### [WORK INSTRUCTIONS]
Take the line containing "Quand Vous Serez" and all lines after it to the end of the records, and output them exactly.

### [DATA SHOWN]
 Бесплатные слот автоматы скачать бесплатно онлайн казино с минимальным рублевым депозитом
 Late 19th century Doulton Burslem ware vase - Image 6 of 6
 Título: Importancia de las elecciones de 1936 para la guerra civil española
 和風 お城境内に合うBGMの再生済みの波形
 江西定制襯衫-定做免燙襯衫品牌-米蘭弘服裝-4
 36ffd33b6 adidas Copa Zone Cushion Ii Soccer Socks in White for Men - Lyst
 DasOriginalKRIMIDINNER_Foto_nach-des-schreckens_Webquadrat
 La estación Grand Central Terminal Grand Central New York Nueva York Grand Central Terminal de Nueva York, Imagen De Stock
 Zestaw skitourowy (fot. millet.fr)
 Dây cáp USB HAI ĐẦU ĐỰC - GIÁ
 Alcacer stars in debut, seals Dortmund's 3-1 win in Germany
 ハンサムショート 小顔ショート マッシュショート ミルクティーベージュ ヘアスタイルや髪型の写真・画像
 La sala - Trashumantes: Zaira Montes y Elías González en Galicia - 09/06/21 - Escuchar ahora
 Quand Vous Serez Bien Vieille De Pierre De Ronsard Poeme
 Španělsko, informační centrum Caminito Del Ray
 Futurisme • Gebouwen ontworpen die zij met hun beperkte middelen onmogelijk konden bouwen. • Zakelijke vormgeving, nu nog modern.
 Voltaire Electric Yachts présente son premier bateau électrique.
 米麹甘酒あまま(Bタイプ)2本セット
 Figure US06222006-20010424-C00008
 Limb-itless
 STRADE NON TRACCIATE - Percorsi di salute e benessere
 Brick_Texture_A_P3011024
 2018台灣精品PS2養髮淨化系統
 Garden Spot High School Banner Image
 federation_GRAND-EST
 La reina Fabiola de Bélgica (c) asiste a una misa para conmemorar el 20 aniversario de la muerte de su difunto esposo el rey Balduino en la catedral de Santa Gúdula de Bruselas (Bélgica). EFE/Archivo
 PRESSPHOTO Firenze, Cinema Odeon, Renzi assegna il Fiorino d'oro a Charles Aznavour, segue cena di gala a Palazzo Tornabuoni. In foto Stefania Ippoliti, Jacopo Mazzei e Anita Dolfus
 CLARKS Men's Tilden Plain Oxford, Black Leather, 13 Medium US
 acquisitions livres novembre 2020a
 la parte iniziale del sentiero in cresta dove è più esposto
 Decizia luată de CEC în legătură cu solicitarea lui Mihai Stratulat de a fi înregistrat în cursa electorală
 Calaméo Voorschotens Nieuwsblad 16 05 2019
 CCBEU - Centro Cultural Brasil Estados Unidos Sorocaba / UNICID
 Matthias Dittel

### [RESPONSE]
 Quand Vous Serez Bien Vieille De Pierre De Ronsard Poeme
 Španělsko, informační centrum Caminito Del Ray
 Futurisme • Gebouwen ontworpen die zij met hun beperkte middelen onmogelijk konden bouwen. • Zakelijke vormgeving, nu nog modern.
 Voltaire Electric Yachts présente son premier bateau électrique.
 米麹甘酒あまま(Bタイプ)2本セット
 Figure US06222006-20010424-C00008
 Limb-itless
 STRADE NON TRACCIATE - Percorsi di salute e benessere
 Brick_Texture_A_P3011024
 2018台灣精品PS2養髮淨化系統
 Garden Spot High School Banner Image
 federation_GRAND-EST
 La reina Fabiola de Bélgica (c) asiste a una misa para conmemorar el 20 aniversario de la muerte de su difunto esposo el rey Balduino en la catedral de Santa Gúdula de Bruselas (Bélgica). EFE/Archivo
 PRESSPHOTO Firenze, Cinema Odeon, Renzi assegna il Fiorino d'oro a Charles Aznavour, segue cena di gala a Palazzo Tornabuoni. In foto Stefania Ippoliti, Jacopo Mazzei e Anita Dolfus
 CLARKS Men's Tilden Plain Oxford, Black Leather, 13 Medium US
 acquisitions livres novembre 2020a
 la parte iniziale del sentiero in cresta dove è più esposto
 Decizia luată de CEC în legătură cu solicitarea lui Mihai Stratulat de a fi înregistrat în cursa electorală
 Calaméo Voorschotens Nieuwsblad 16 05 2019
 CCBEU - Centro Cultural Brasil Estados Unidos Sorocaba / UNICID
 Matthias Dittel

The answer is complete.